**Exercise inputs**

______________________________

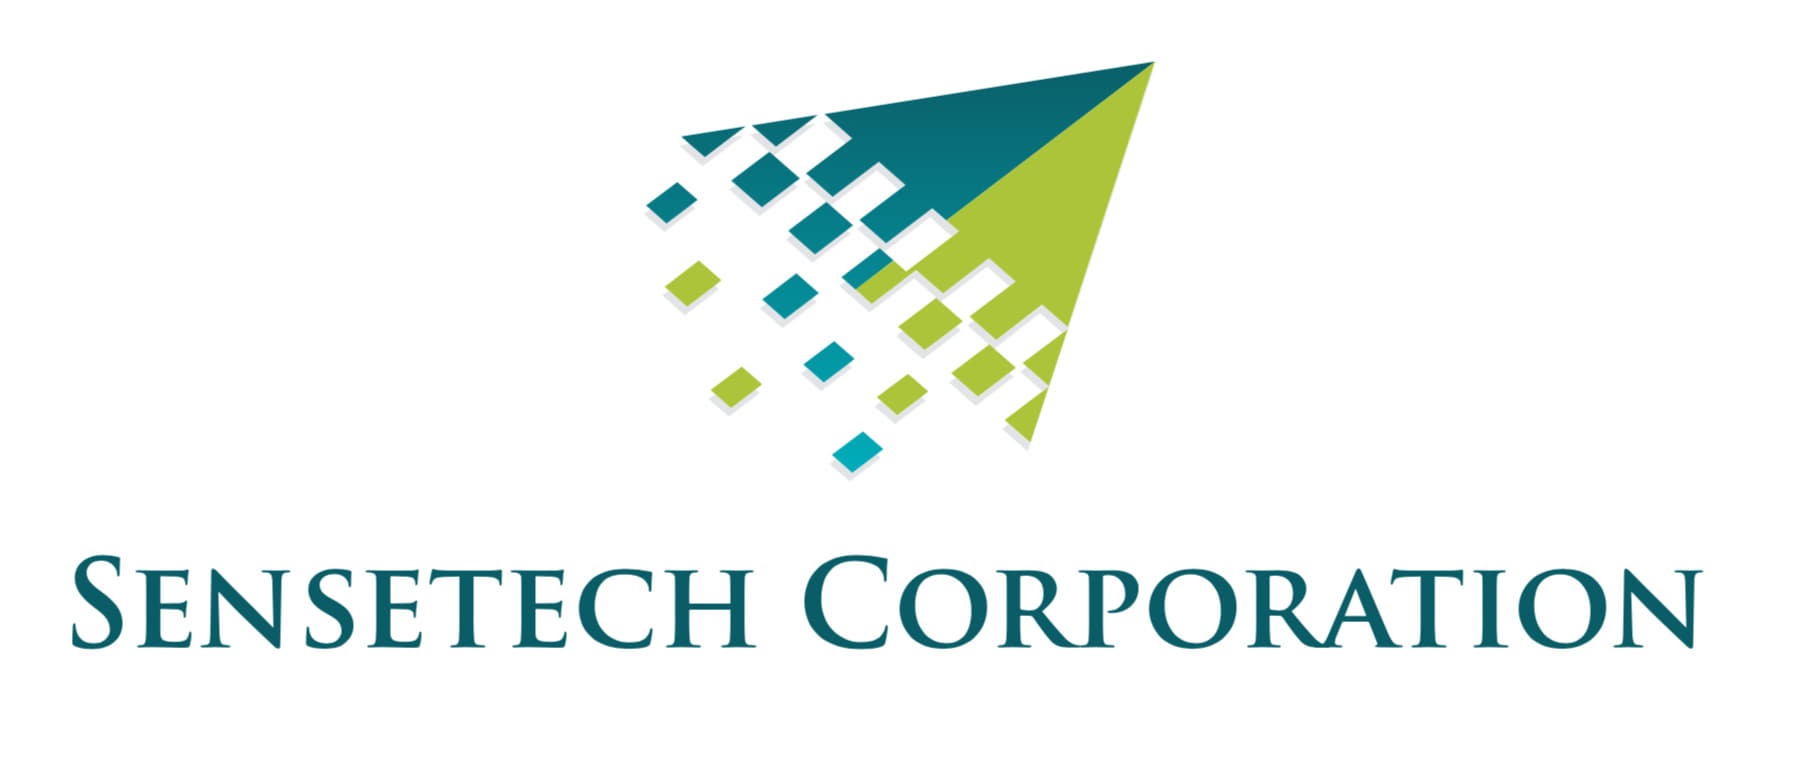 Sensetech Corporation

______________________________

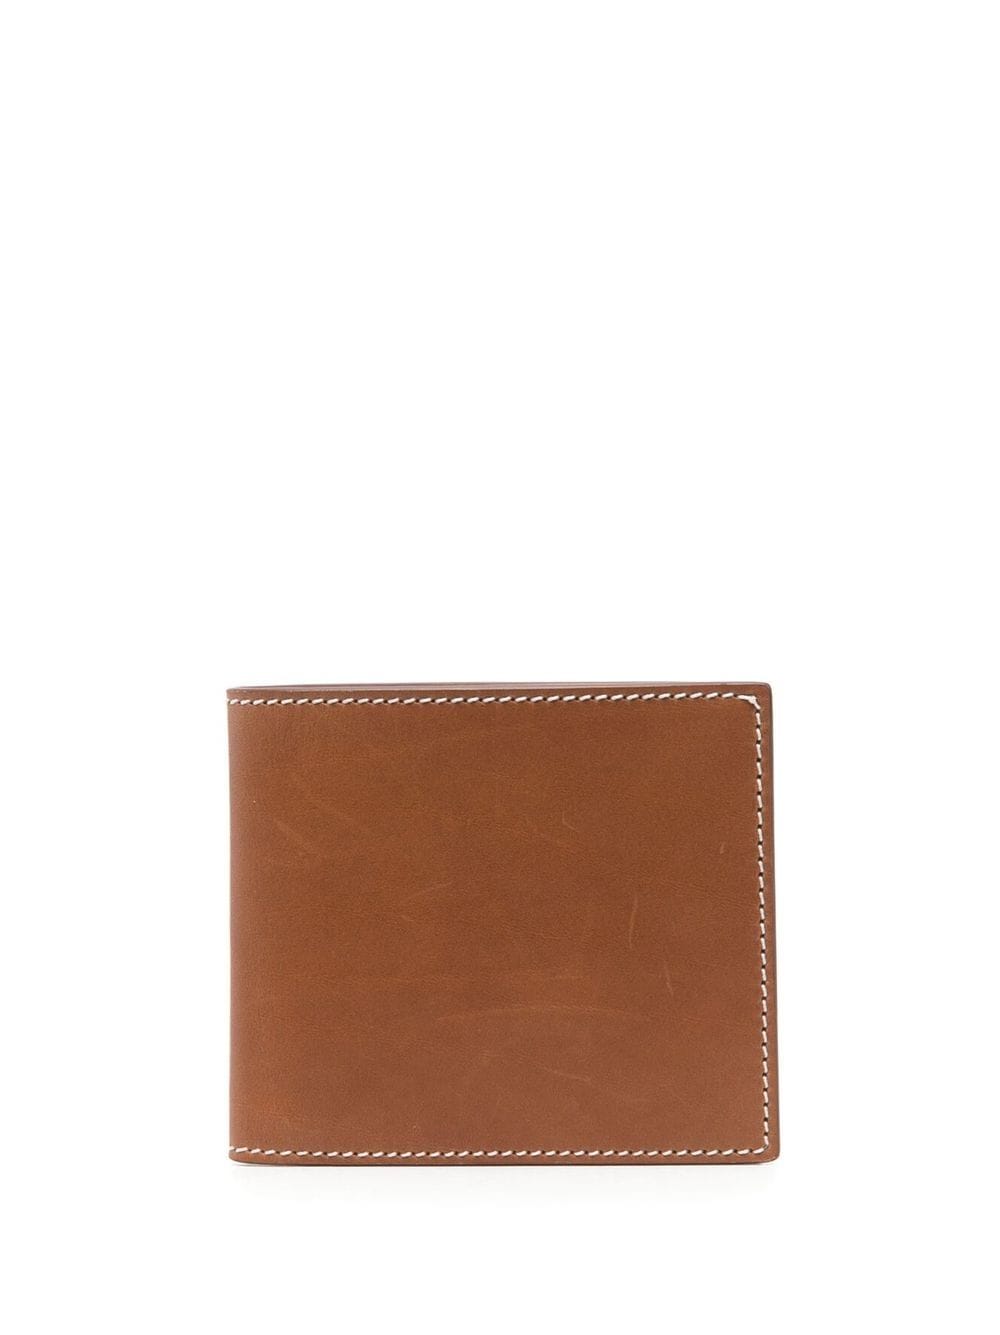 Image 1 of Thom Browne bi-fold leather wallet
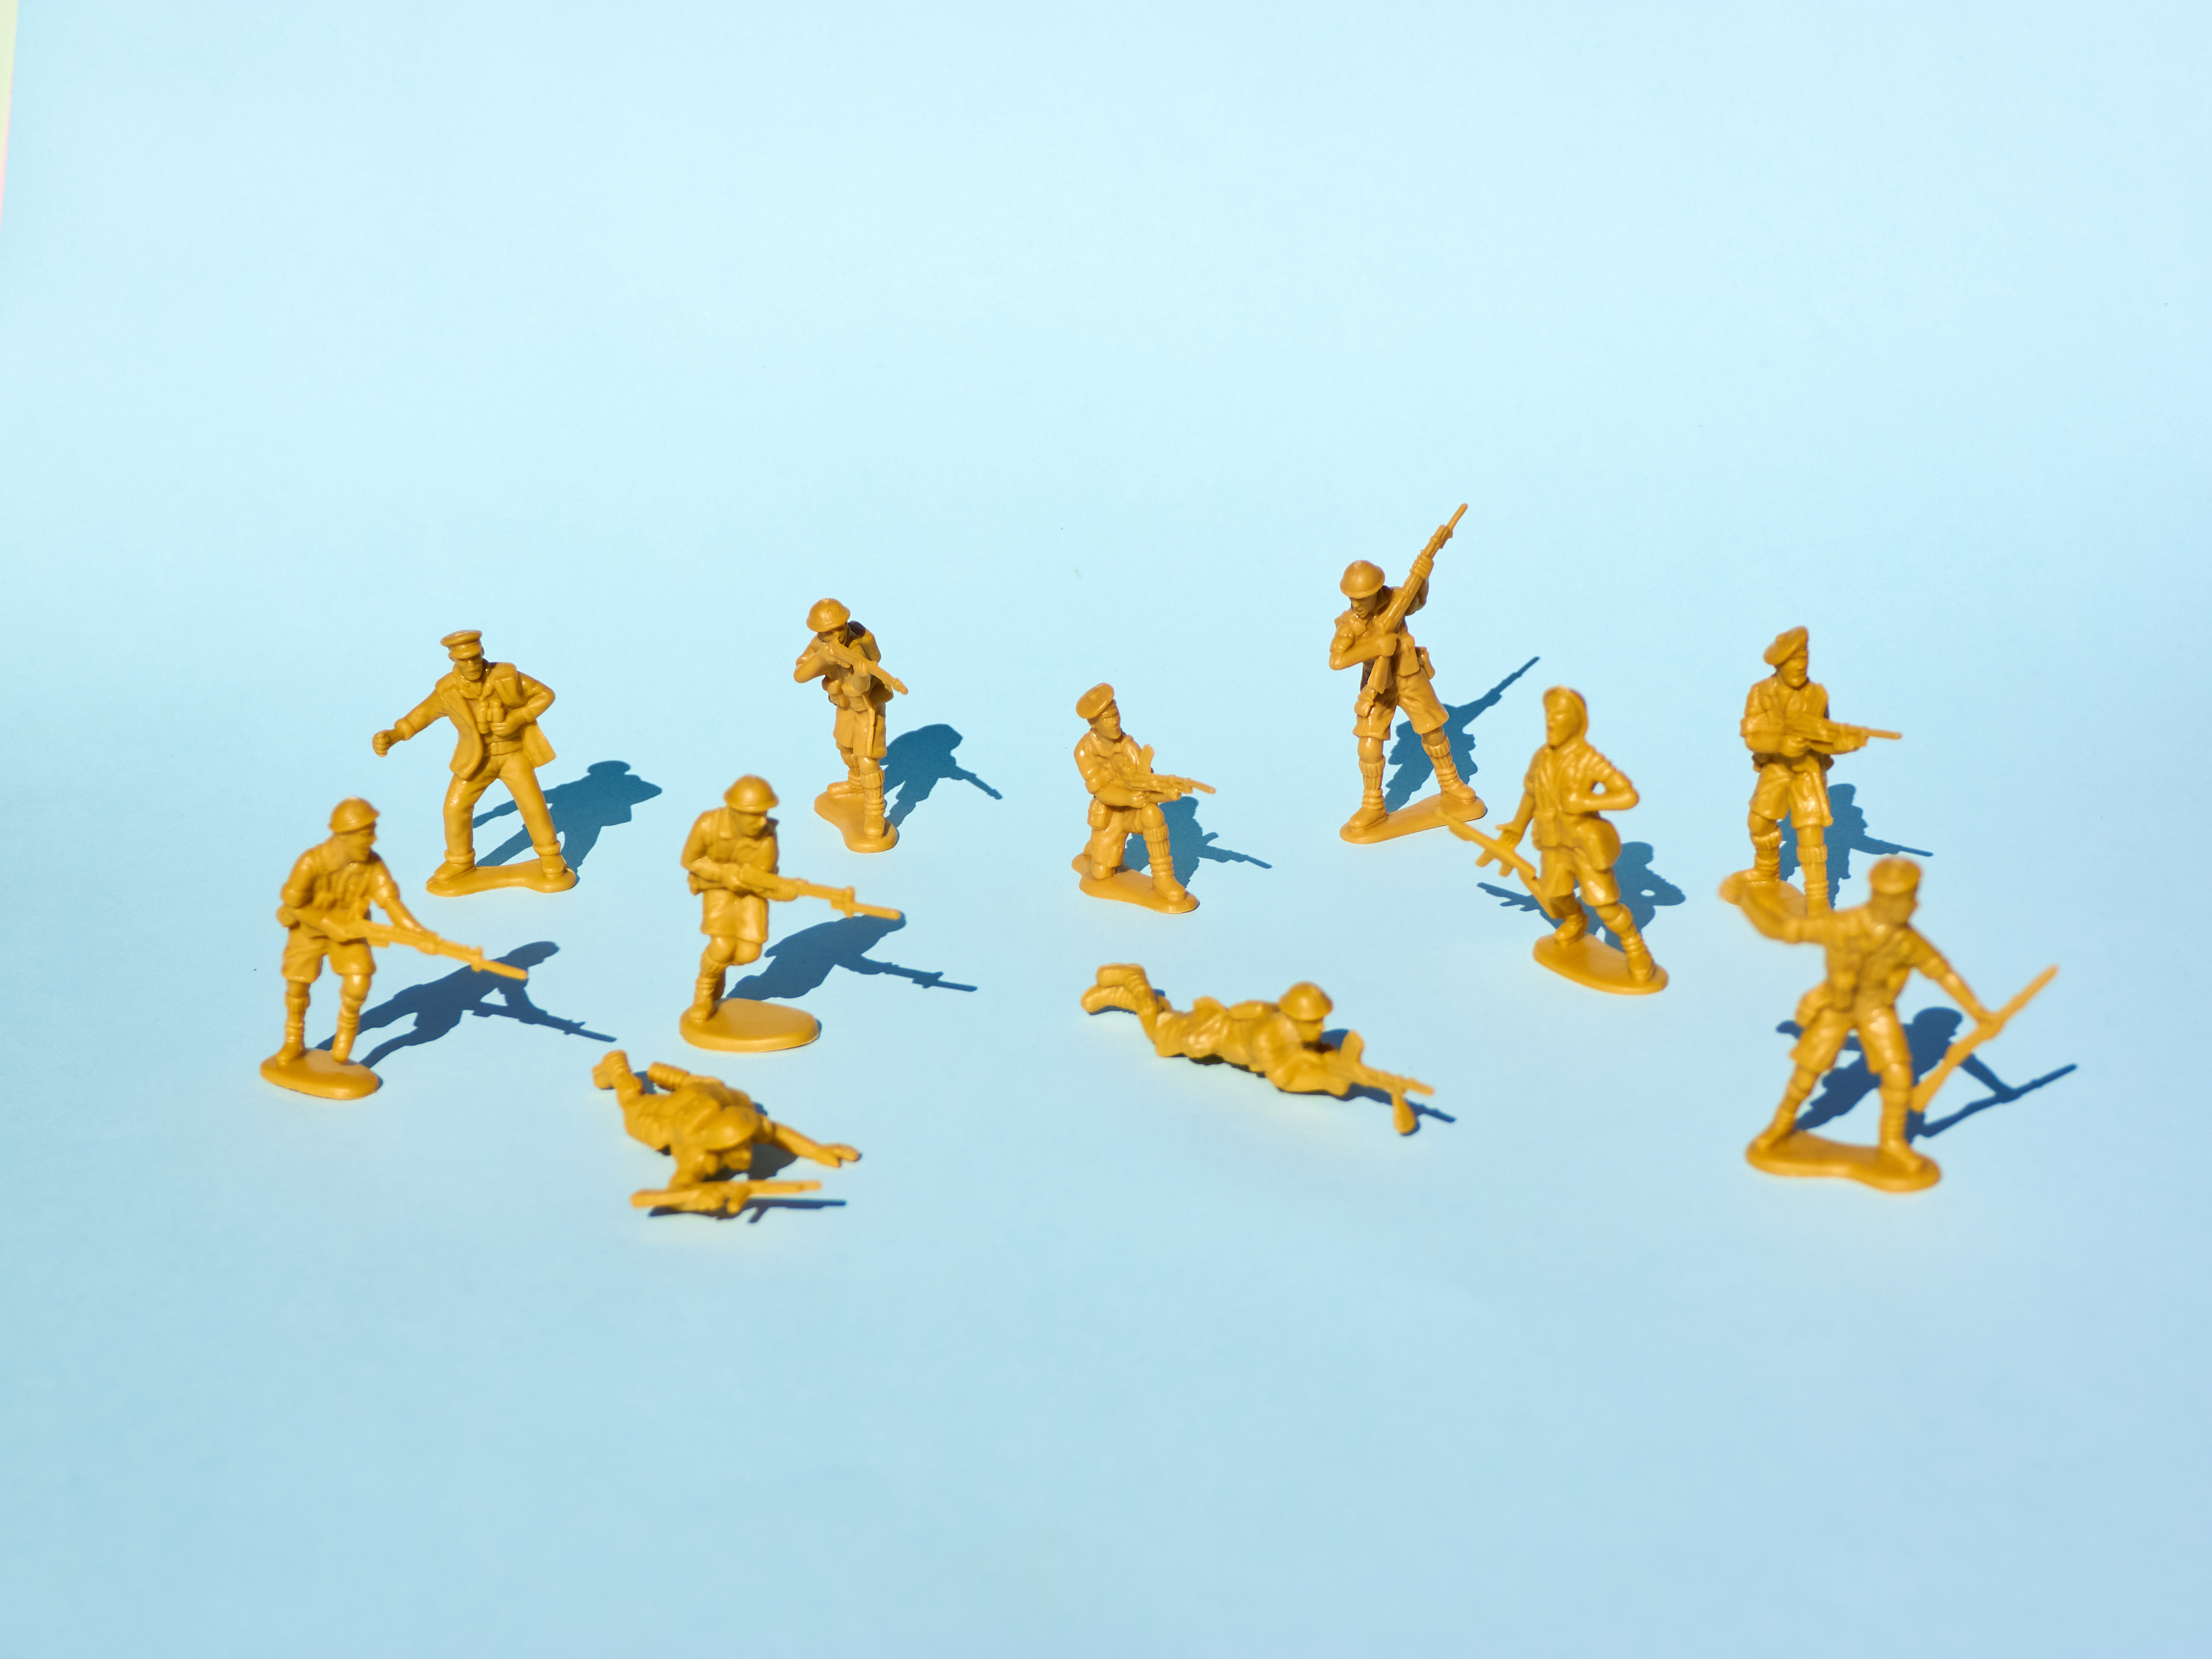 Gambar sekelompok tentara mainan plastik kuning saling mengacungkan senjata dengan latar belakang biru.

______________________________

Range to print from the listing above: from the line with "Image 1 of Thom" up to and including the line with "Gambar sekelompok tentara". Please print those lines exactly, with no pictures and nothing more.

 Image 1 of Thom Browne bi-fold leather wallet
 Gambar sekelompok tentara mainan plastik kuning saling mengacungkan senjata dengan latar belakang biru.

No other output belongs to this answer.